The Florida Renaissance Festival is a wholly different world??a world of jousts and costumes and turkey legs. Here be dragons, or so the armor-clad knights would have you believe. At the festival, live shows recreate the romance of the Renaissance with references to Shakespeare and swordplay on 12 different stages. Meanwhile, merchants share the secrets of their crafts, blowing unbreakable glass for spectators and selling hammered pewter goblets. Visitors, dressed in period garb or not, can wander on their own, exploring the shows and stalls, or trying their hands at games of chance while gnawing on scotch eggs and chocolate cheesecake.
The Seminole Hard Rock Wine & Food Festival is a new tradition—it started in 2010—but its creators hope to make it a lasting part of South Florida foodie culture. Amidst cuisine from renowned local eateries such as Tatu and Council Oak, guests can relax in several different lounges, from a spa area for women to a men's lounge with a big screen TV. The Caribbean lounge surrounds festival goers with assorted rums and tropical rubs, all cooked up by Chef Creole. Sponsors include NBC 6, Lite-FM, and the Miami Herald, and a portion of the profits will benefit the Joe DiMaggio Children's Hospital Foundation.
The SweetTooth Soiree spotlights the top bakeries, candy-makers, and dessert experts in South Florida. Vendors dish out samples of their signature sweets, including gooey brownies, artfully frosted cakes, and rainbow-colored candy. The entertainment ranges from DJ-spun tunes to dessert-making demos, which teach visitors to create confections more sophisticated than a mud pie covered in edible gold leaf.
In Joni Sheram's one-woman play, Cups, the playwright gives audiences a peek into her packed lingerie drawer through intimate knowledge of her history and character via the progression of tangled straps and faded lace. As Sheram pulls out assorted bras, she reminisces on the myriad memories marked by the quotidian bits of fabric, from the hopeful clasp of a training bra to the daunting responsibility marked by a nursing bra. A strapless bra is used to convey coming-of-age anecdotes, and a heap of ashes commemorates a bra burned during the firewood famine of the 1960s. Hailed as hilarious by scads of reviewers and department-store managers, the play also touches on aging, loss, and decades of women's personal and collective history.
The Florida Cajun Zydeco festival's seven musical acts fill the air with traditional tunes on two outdoor stages. Wooden dance floors and guided dance lessons (held in between sets) encourage rug-cuttery as the C’est Bon Cajun Dance Band wails away on fiddle and guitar, and the multi-instrumentalist Magnolia Sisters reinvigorate forgotten standards more effectively than auto-tuned re-mixes of Glen Miller's catalogue. Each band also gives a 20- to 30-minute lesson about the history of their music. Visitors can suppress unruly appetites with spicy Cajun and Creole fare while perusing the offerings of craft vendors. Pintsize patrons can revel in games and rides, while larger patrons can revel in the festival's free parking.
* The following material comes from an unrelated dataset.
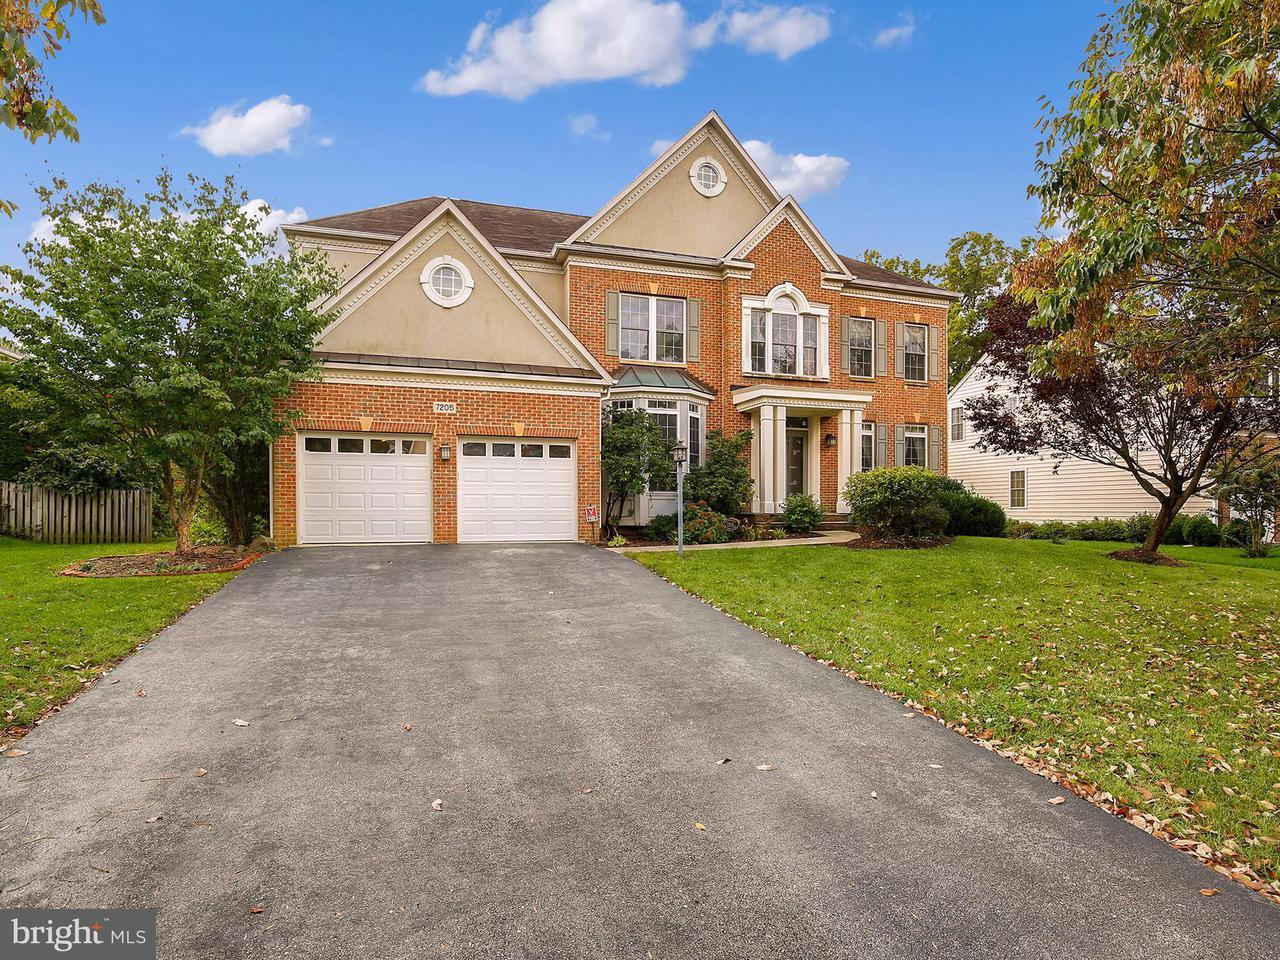 Casa Unifamiliar por un Venta en 7205 HATTERBY Court 7205 HATTERBY Court Elkridge, Maryland 21075 Estados Unidos

During Aventura Wine & Food Festival, restaurants, delis, confectionaries, and wineries from all over the city kick off the new year with some of their finest wares. Guests can sample South American cuisine at The Knife Argentinian steakhouse, Luca Bella Gourmet Mexican, and Paladar Latin Kitchen and Rum Bar, or get a taste of European fare at Brio Tuscan Grille and Tilted Kilt Pub & Eatery. For smaller snacks, there's Alisa's Cupcakery, Shawnee's Gourmet Popcorn, and Cachito Coffee & Bakery. And then there's the wines: Mas Vino supplies beverages from all over the country, Epica displays some locally grown vintages, and those with an insatiable sweet tooth can indulge in dessert-themed drinks from Ice Cream Cellars and Birthday Cake Vineyards. Meanwhile, live music keeps toes tapping, and a wine raffle feeds guests' competitive nature. Children can enjoy bounce houses and kid-friendly activities in the Kid-Zone, sponsored by Whole Foods.